_PROBLEM REQUIREMENTS_
When you come to a picture, pass over it, and set down the entries below exactly.

_DATASET ENTRIES_

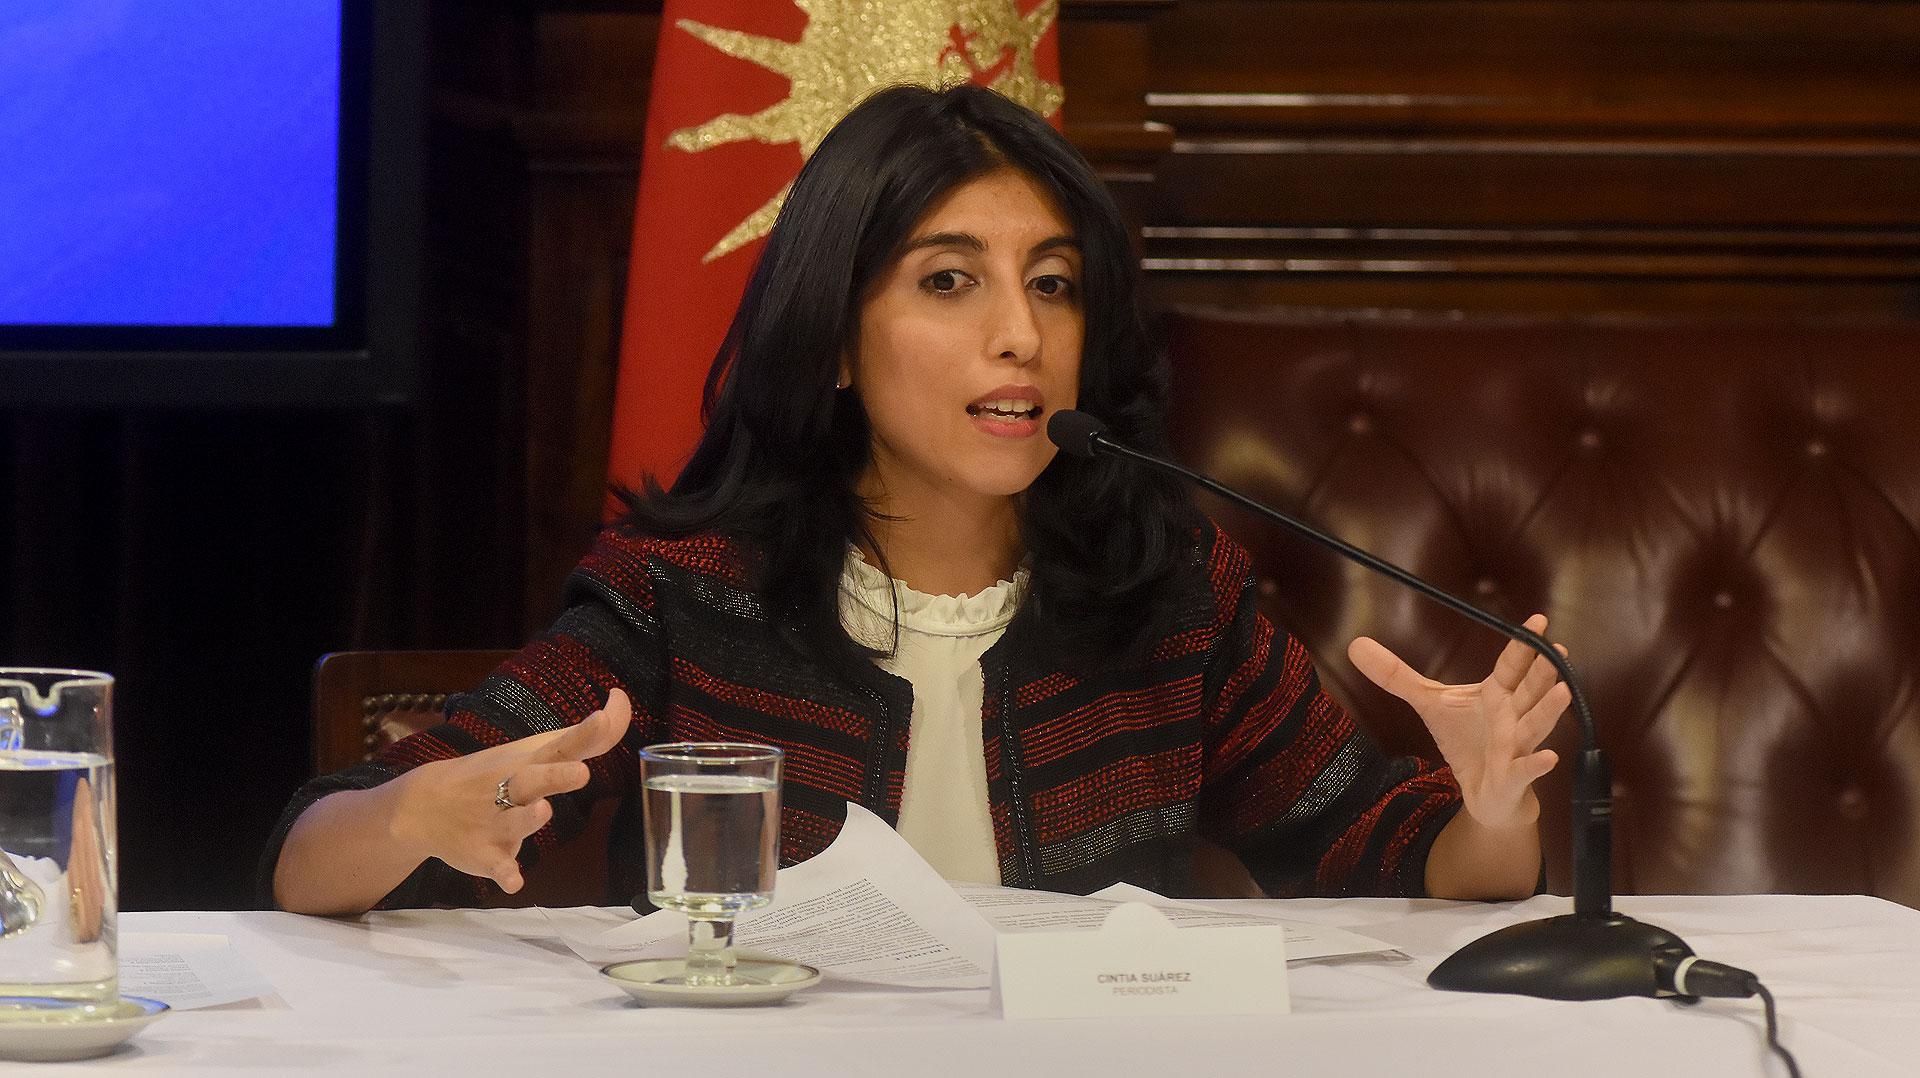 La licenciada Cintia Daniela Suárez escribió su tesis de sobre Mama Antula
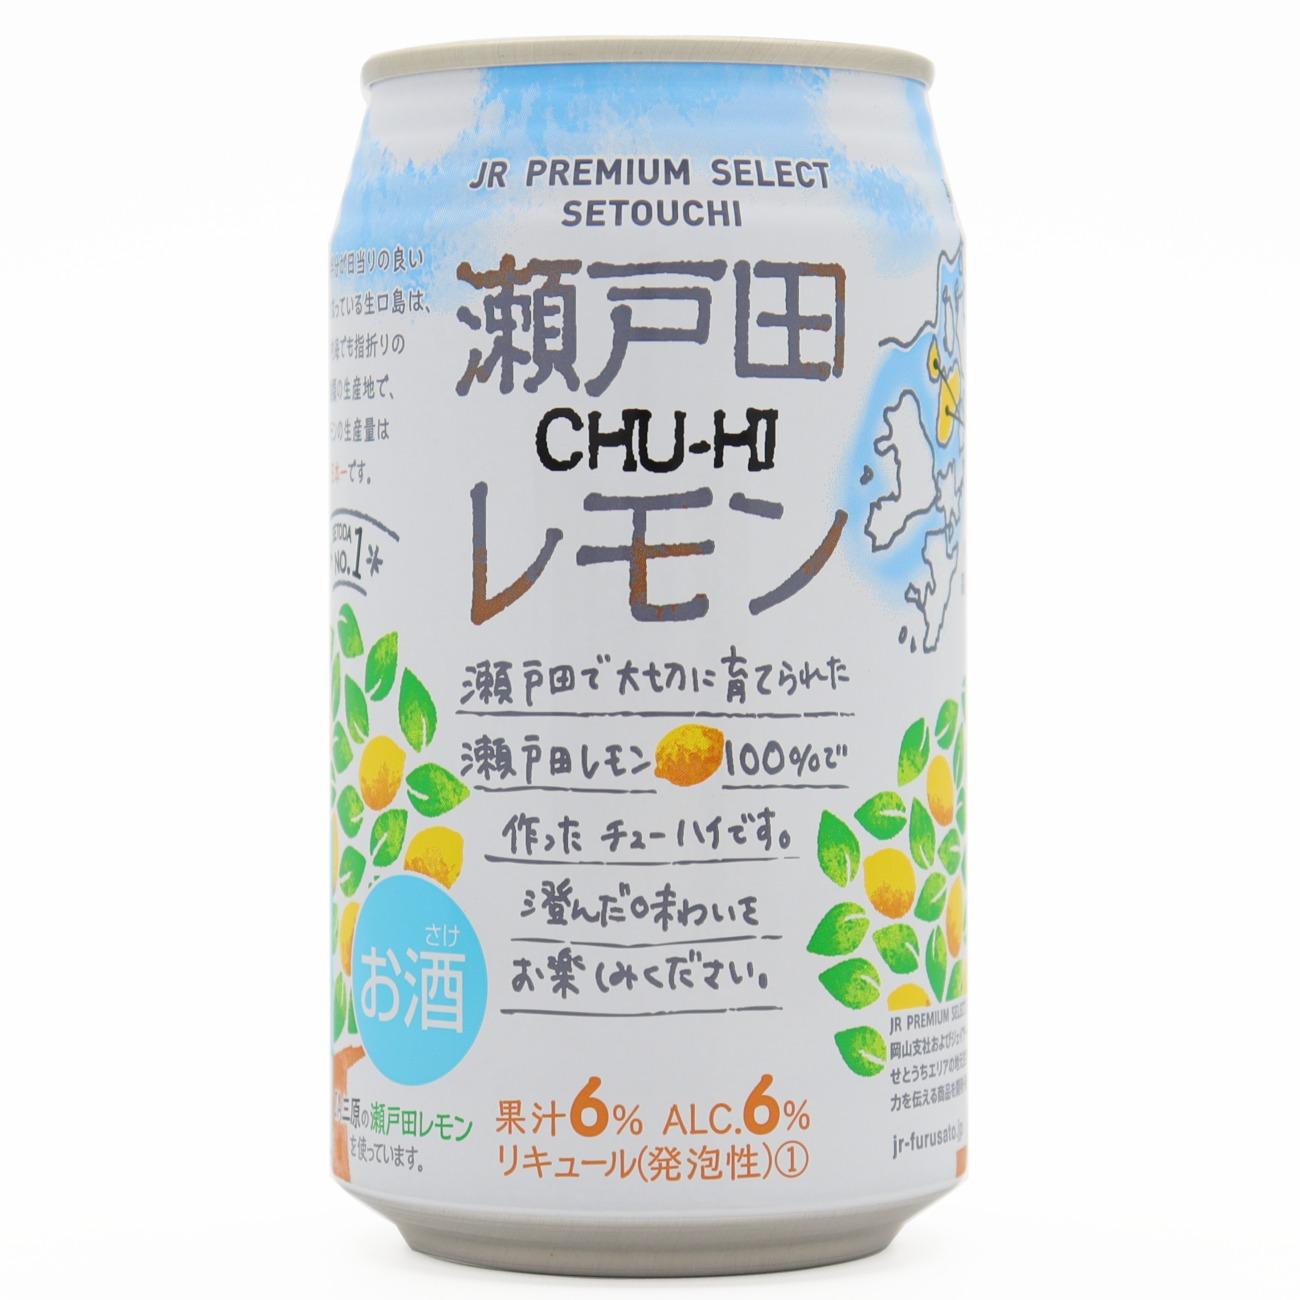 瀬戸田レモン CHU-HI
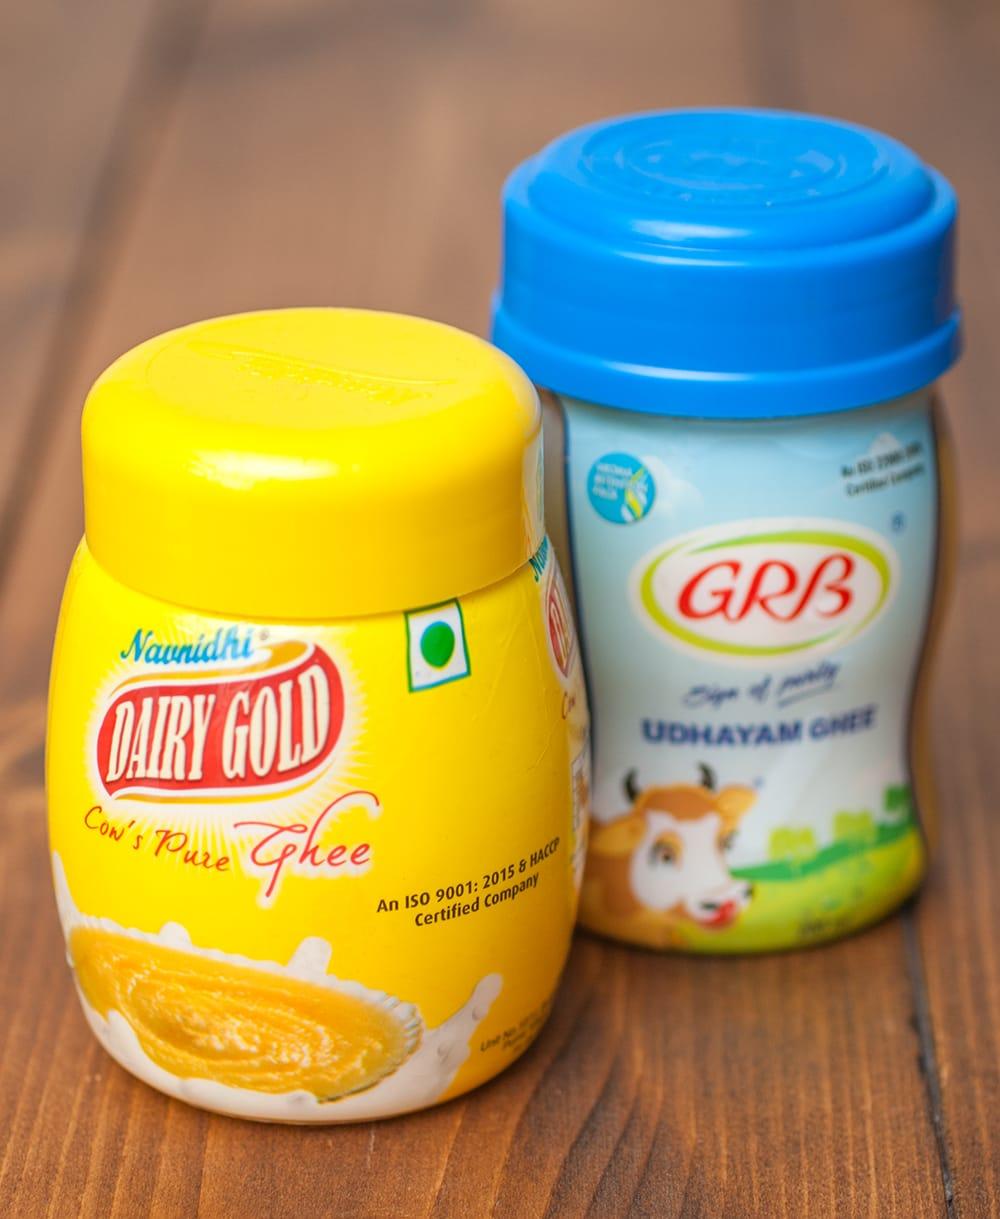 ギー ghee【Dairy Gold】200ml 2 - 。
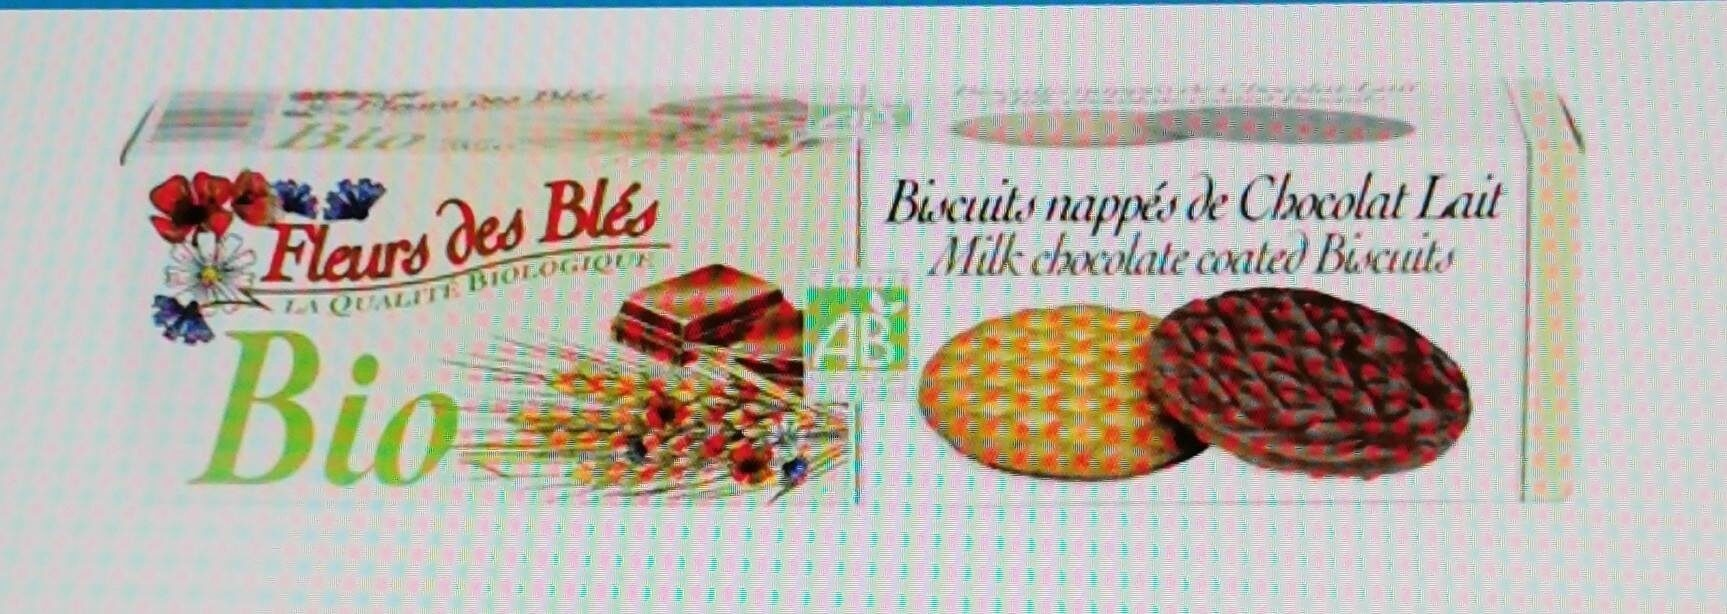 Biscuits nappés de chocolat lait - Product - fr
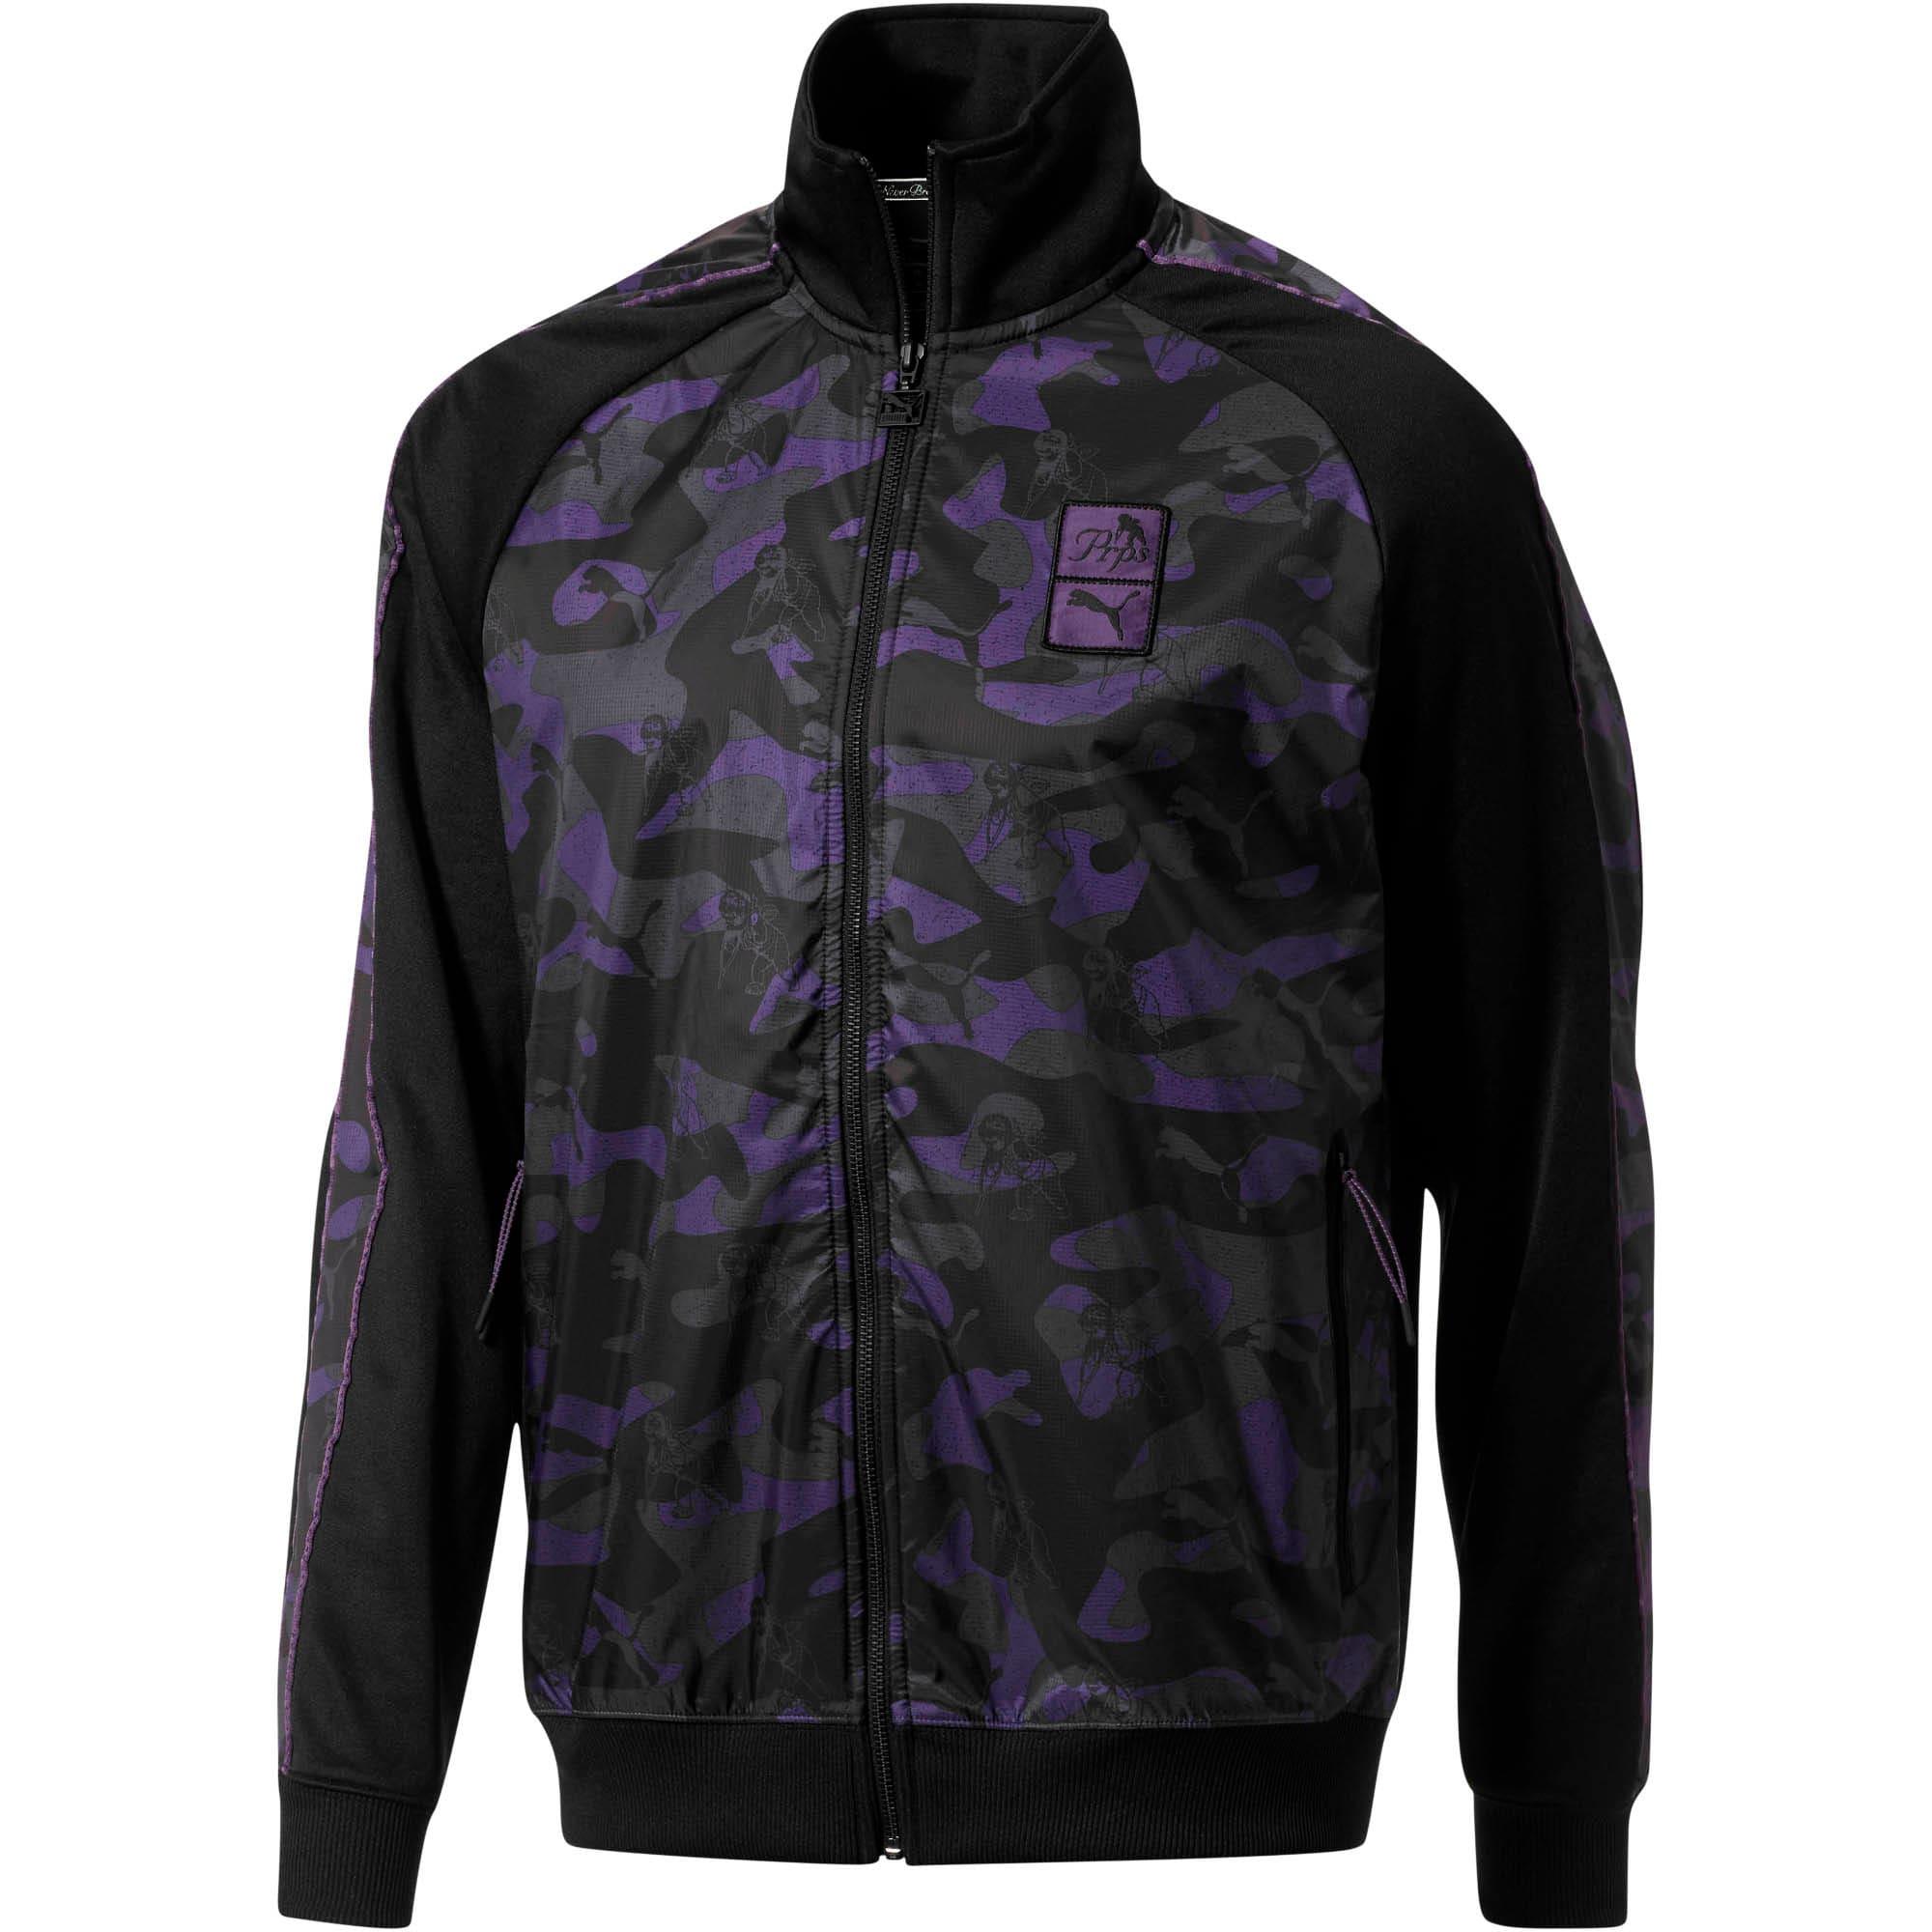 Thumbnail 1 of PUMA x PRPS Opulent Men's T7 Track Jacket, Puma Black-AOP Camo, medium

_FINISHED TASK_
 La licenciada Cintia Daniela Suárez escribió su tesis de sobre Mama Antula
 瀬戸田レモン CHU-HI
 ギー ghee【Dairy Gold】200ml 2 - 。
 Biscuits nappés de chocolat lait - Product - fr
 Thumbnail 1 of PUMA x PRPS Opulent Men's T7 Track Jacket, Puma Black-AOP Camo, medium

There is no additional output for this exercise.